I have to admit something: When it comes to Coldplay and bands that aspire to the same aesthetic, I find my reaction becoming increasingly, well, cold. Groups like this are very easy to admire and even easier to like, afterall, they find their inspiration in such crowd-pleasers as The Cure, U2, and Radiohead. But I just can't help but feel that there's something missing.

Sure, it's great sit-around-feeling-depressed-but-fine-with-it music. It's music for big theatrical sighs and deep musings of deeper feelings, and grand proclamations. It may sound like I'm poking fun (and I am a little bit), but there are times when you're feeling exactly like that, and this music is the perfect soundtrack. But what about the times you aren't feeling like that?

Anyway, we're being subjected to a lot of new bands lately, first billed as "the next Radiohead," now hailed as "the next Coldplay." This includes Travis, Ours, Snow Patrol, Starsailor, etc. The problem here is twofold. The major one is that I hate to think that the production of music has become so cynical that bands cop to a certain sound just because it's commercially viable at the moment (though this happens all the time and has throughout pop's history). The other problem is that some people, like me, want their bands to have influences that reach back before the mid-nineties.

Keane is bound to, okay they already have, run into the usual comparisons. The sticker quote on the package calls them "anthemic and epic." The band's line-up doesn't help; they've got drums, piano, and vocals (there are some synths, programming, and bass in there too). Despite the minimalism, there's no lack of depth in the music...the piano is a full instrument, as is singer Tom Chaplain's voice. By turns he recalls Travis' Fran Healy, Pet Shop Boys' Neil Tennent, and Ewan McGregor's singing voice in Moulin Rouge (this is actually a compliment). In other words, he sounds Romantic.

And the songs themselves fulfill every expectation of the genre...every song is pounding, expansive, and deeply felt. The choruses are built to be sung by a stadium full of lighter-waving devotees. The first three songs on the album set that tone (culminating in the very pretty Bend and Break) and the band hardly deviates for the rest of it. On every song, from the quiet We Might As Well Be Strangers to the dramatic Bedshaped, Chaplin alternates a gentle wobbly lower register with a soaring falsetto.

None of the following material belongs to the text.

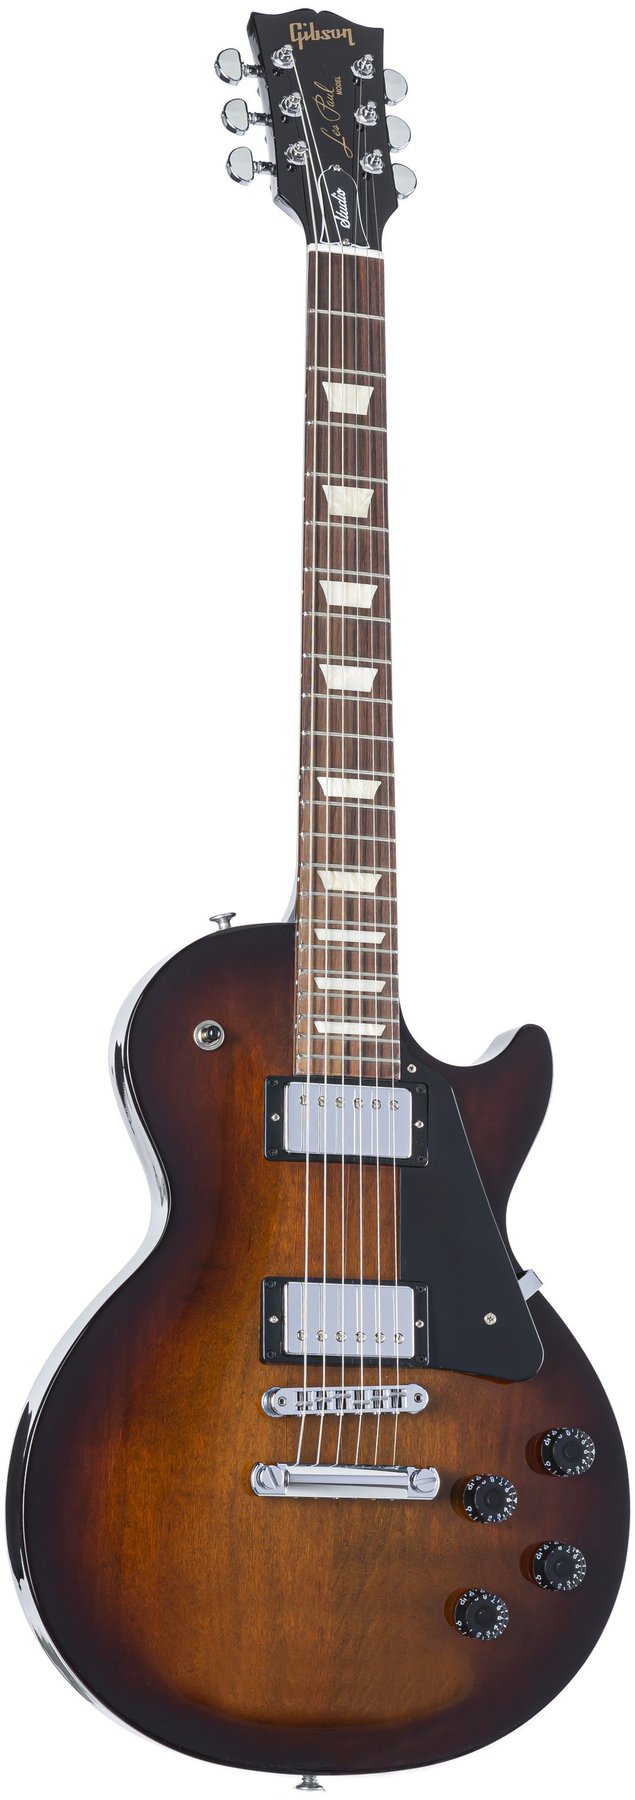 Gibson Les Paul Studio 2019 ab ,03 € im Preisvergleich kaufen

I'd like to be bothered by the lack of cleverness and interesting imagery in the lyrics, but there's a directness and simplicity that serves the music well (and if you're unsure what I mean, just look at the title of the album, or think of Elton John's albums from The One through The Big Picture).

So all in all, this is really a complete nightmare for anyone who likes records that "take a few spins to get into" or who is just simply scared away by the conventional and mass-appealing. For everyone else it's wonderful ear candy, and thus the band has a very good chance to hit big.

It's possible that in a couple of years new bands coming out will be called "the next Keane." I kind of hope that's not the case, not because I don't wish them success, it just wouldn't be good for music history. And what I worry about personally is that after the initial infatuation has passed, will this just sit on my shelf with Coldplay and Travis and even Radiohead CDs, fondly thought of, but rarely played? Maybe I should just be happily depressed and hyper-contemplative more often.

Rating: B
Fave Song: Bend and Break

Comments

Richard said…
So here's the new procedure:
1. Paul writes review of new CD.
2. Richard immediately reads review.
3. Richard grabs car keys.
4. Richard drives two blocks to Best Buy and purchases CD.
5. Richard is listening to CD within an hour of the review being written.

You'll be the death of my bank account, Paul Allen! (This CD is only $6.99 this week at Best Buy, though.)